Wherever the listing has a line with the string "Transparent", copy that line out.
-------- RECORDS FOR THE TASK
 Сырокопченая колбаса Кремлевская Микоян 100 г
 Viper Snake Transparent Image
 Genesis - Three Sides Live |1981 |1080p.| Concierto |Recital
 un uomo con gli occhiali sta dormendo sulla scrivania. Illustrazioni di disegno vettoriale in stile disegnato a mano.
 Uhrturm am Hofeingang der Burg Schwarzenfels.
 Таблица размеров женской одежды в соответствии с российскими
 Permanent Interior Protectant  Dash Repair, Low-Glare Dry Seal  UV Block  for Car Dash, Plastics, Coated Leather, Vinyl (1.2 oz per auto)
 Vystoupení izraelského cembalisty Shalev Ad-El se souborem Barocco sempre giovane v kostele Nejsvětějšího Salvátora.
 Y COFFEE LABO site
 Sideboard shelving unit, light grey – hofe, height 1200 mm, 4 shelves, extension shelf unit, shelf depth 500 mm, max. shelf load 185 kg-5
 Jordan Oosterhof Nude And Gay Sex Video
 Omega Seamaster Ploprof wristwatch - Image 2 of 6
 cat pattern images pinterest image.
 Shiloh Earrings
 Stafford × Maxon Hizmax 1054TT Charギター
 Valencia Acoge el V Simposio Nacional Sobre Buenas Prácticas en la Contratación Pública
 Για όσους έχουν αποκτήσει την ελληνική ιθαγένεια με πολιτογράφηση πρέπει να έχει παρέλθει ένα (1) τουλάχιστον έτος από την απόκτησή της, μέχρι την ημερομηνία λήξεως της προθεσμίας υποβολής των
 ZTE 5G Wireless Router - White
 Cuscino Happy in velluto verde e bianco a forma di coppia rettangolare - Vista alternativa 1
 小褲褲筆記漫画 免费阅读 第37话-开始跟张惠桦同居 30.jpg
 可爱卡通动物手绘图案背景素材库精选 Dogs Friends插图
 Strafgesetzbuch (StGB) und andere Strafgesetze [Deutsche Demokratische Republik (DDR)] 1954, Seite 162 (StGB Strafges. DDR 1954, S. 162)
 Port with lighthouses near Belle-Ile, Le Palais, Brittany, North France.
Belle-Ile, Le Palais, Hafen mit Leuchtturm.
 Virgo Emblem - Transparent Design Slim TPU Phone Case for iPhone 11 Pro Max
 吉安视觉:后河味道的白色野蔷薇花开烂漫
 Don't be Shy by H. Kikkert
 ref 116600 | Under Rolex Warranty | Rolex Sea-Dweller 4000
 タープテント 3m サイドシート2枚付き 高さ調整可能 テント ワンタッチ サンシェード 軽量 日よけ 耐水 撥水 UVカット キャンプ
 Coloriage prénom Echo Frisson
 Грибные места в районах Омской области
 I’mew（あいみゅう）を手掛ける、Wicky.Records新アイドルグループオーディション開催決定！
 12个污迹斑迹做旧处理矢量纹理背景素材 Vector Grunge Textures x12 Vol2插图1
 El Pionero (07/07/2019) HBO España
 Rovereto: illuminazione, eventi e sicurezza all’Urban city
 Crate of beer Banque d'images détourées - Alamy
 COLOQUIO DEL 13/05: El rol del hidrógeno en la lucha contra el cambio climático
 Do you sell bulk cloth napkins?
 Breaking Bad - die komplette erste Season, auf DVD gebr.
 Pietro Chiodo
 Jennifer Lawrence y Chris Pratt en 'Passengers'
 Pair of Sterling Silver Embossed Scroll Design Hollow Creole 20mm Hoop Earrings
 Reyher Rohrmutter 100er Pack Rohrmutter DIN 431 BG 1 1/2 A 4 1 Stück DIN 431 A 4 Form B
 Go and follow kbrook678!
----------------
◆ **SOLVED PROBLEM**:
 Viper Snake Transparent Image
 Virgo Emblem - Transparent Design Slim TPU Phone Case for iPhone 11 Pro Max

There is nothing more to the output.